**WHAT YOU SHOULD DO:** Take the line with "Kompost, czyli meandry" as the first and the last line of the data as the end. Write out both and every line between exactly, except pictures.

**DATASET EXTRACT:**
★ ★ ★ ★

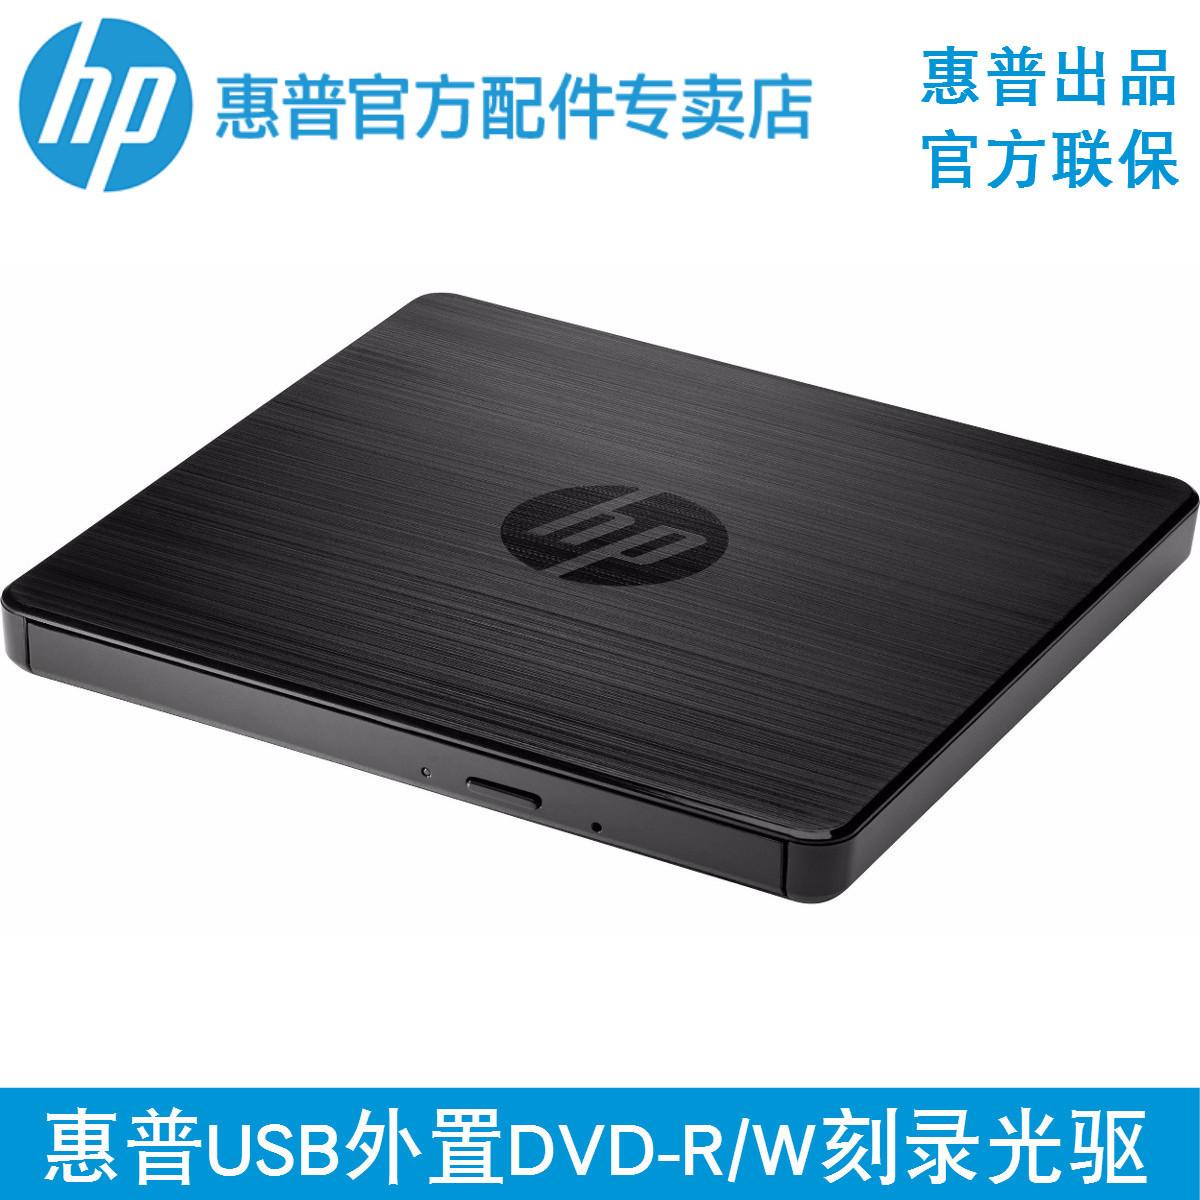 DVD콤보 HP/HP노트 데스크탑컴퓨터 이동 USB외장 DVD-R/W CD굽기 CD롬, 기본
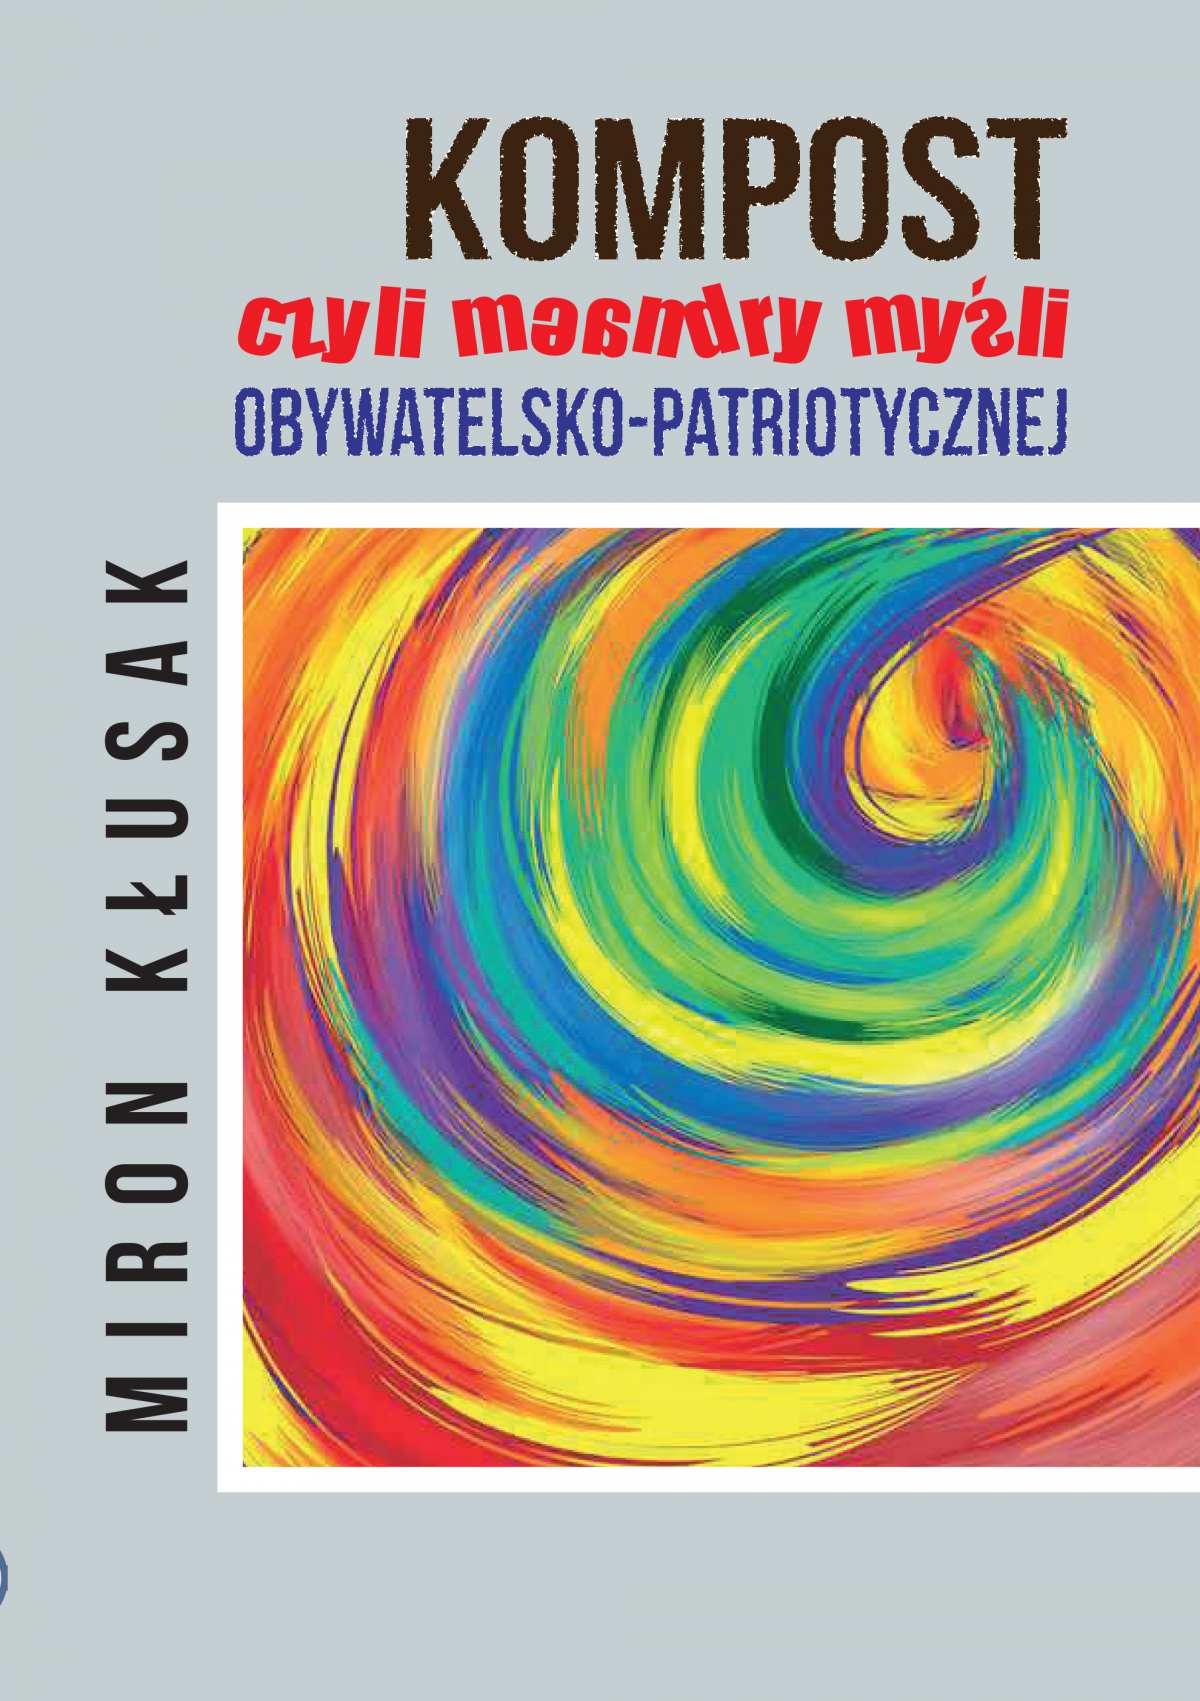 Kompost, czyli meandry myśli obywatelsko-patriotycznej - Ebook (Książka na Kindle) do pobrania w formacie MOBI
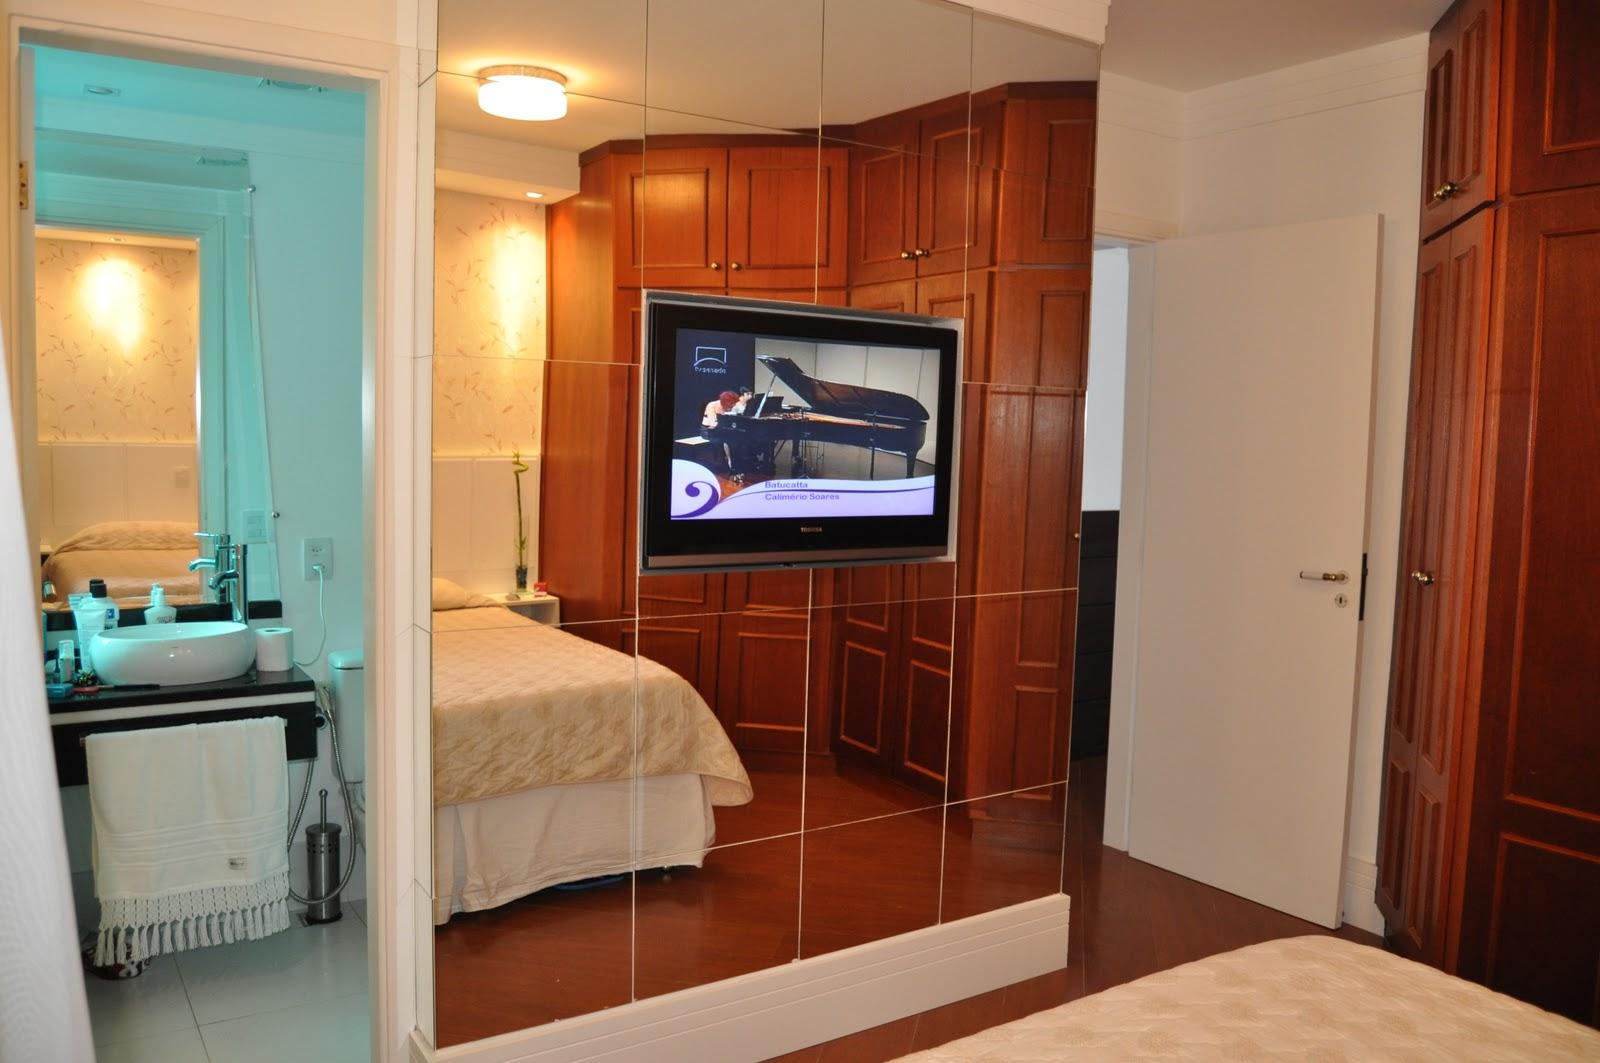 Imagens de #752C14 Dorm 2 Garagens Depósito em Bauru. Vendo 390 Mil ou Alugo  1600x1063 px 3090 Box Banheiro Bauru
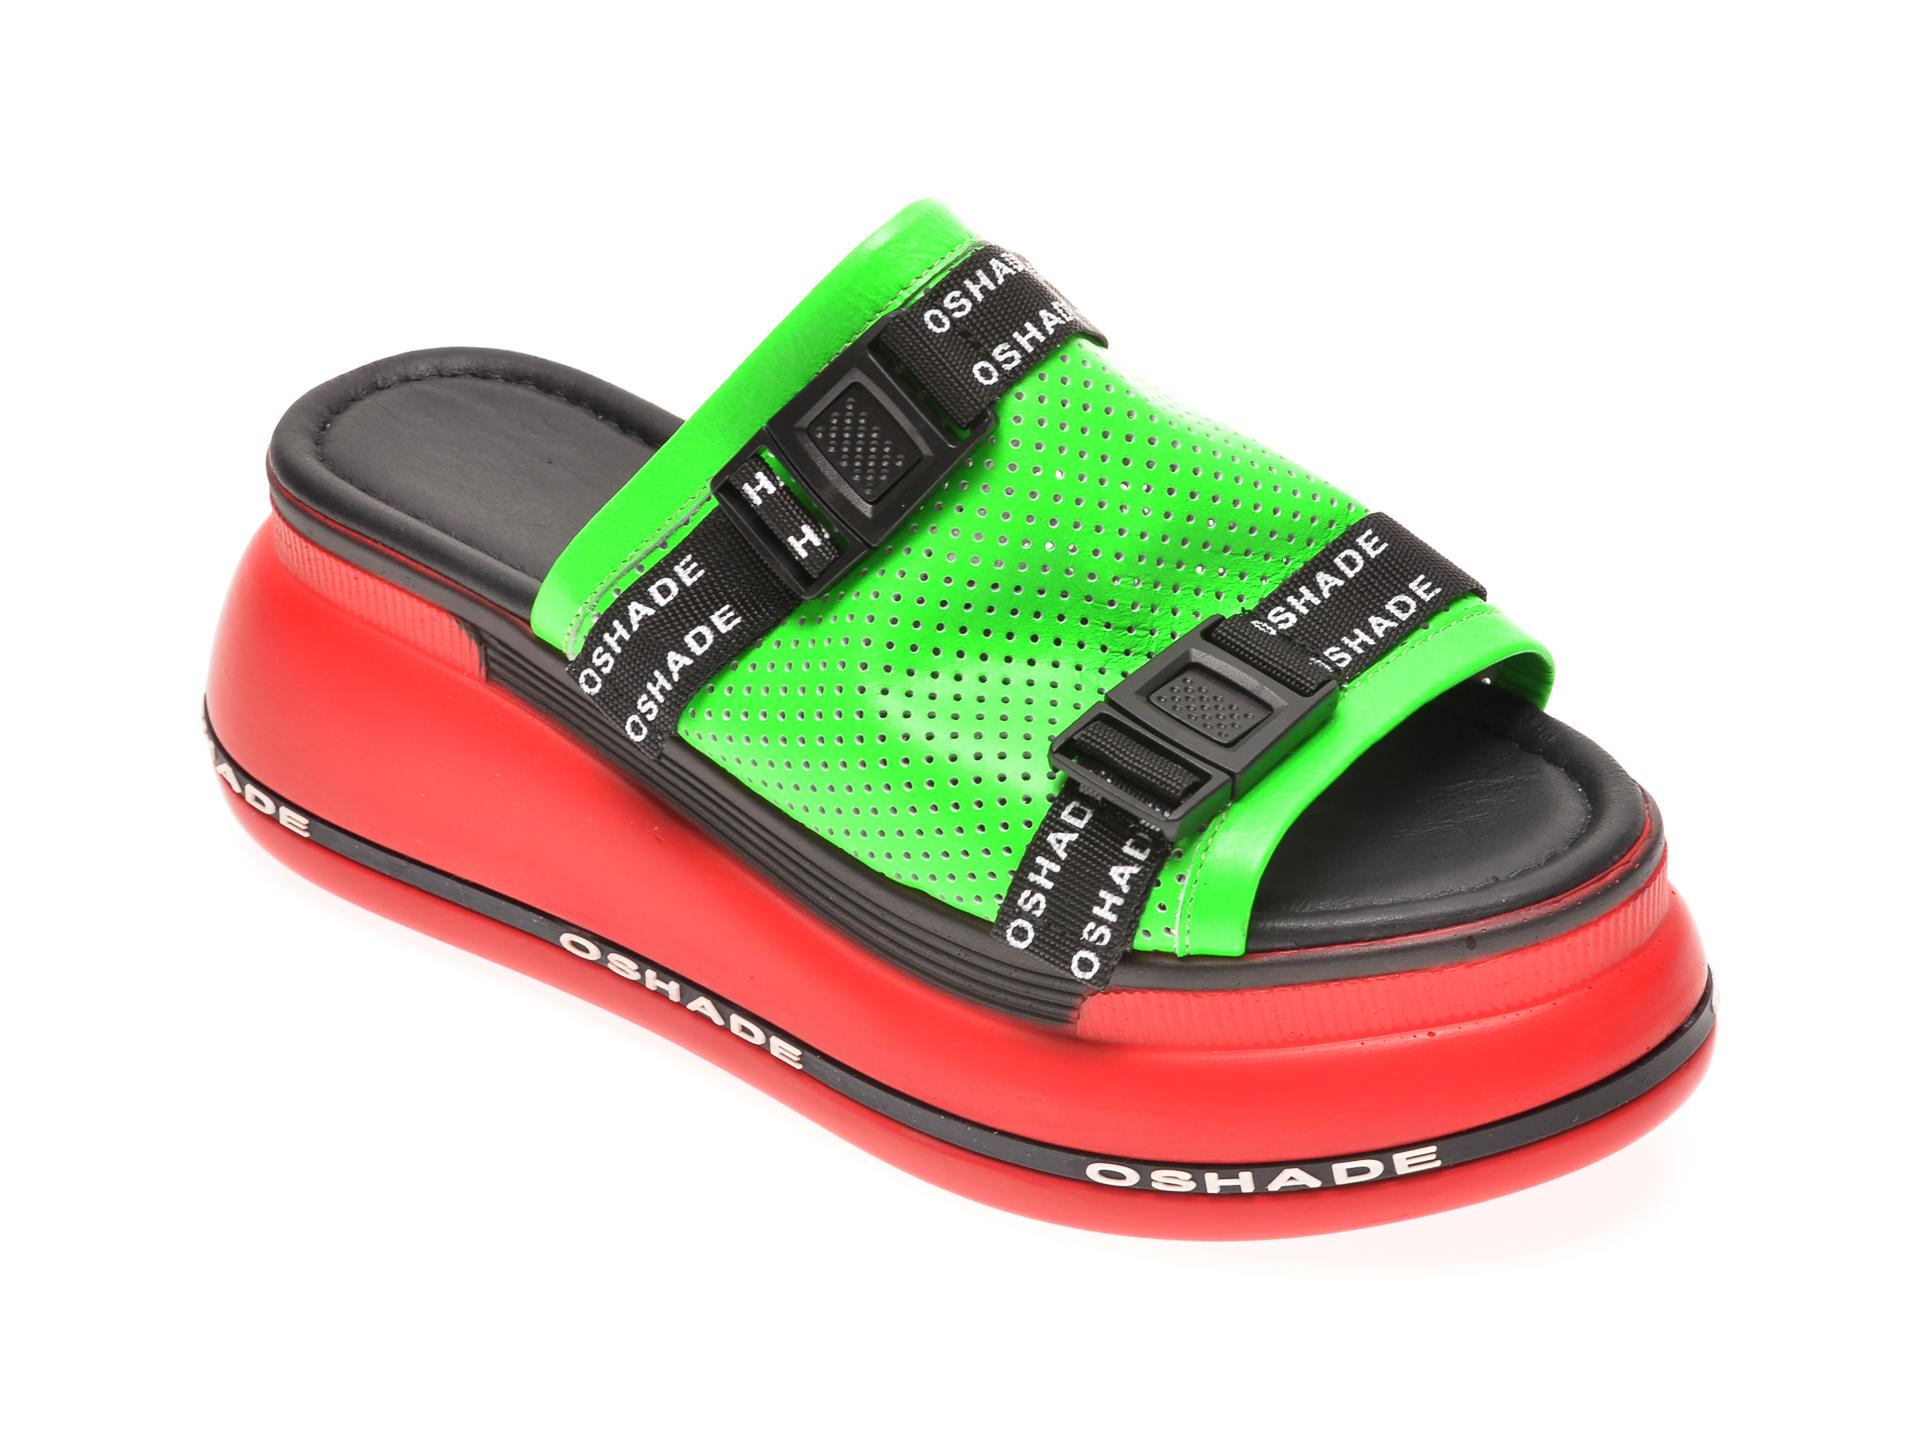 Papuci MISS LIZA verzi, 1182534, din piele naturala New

★ ★ ★ ★

**EXERCISE RESPONSE:**
 Kompost, czyli meandry myśli obywatelsko-patriotycznej - Ebook (Książka na Kindle) do pobrania w formacie MOBI
 Imagens de #752C14 Dorm 2 Garagens Depósito em Bauru. Vendo 390 Mil ou Alugo  1600x1063 px 3090 Box Banheiro Bauru
 Papuci MISS LIZA verzi, 1182534, din piele naturala New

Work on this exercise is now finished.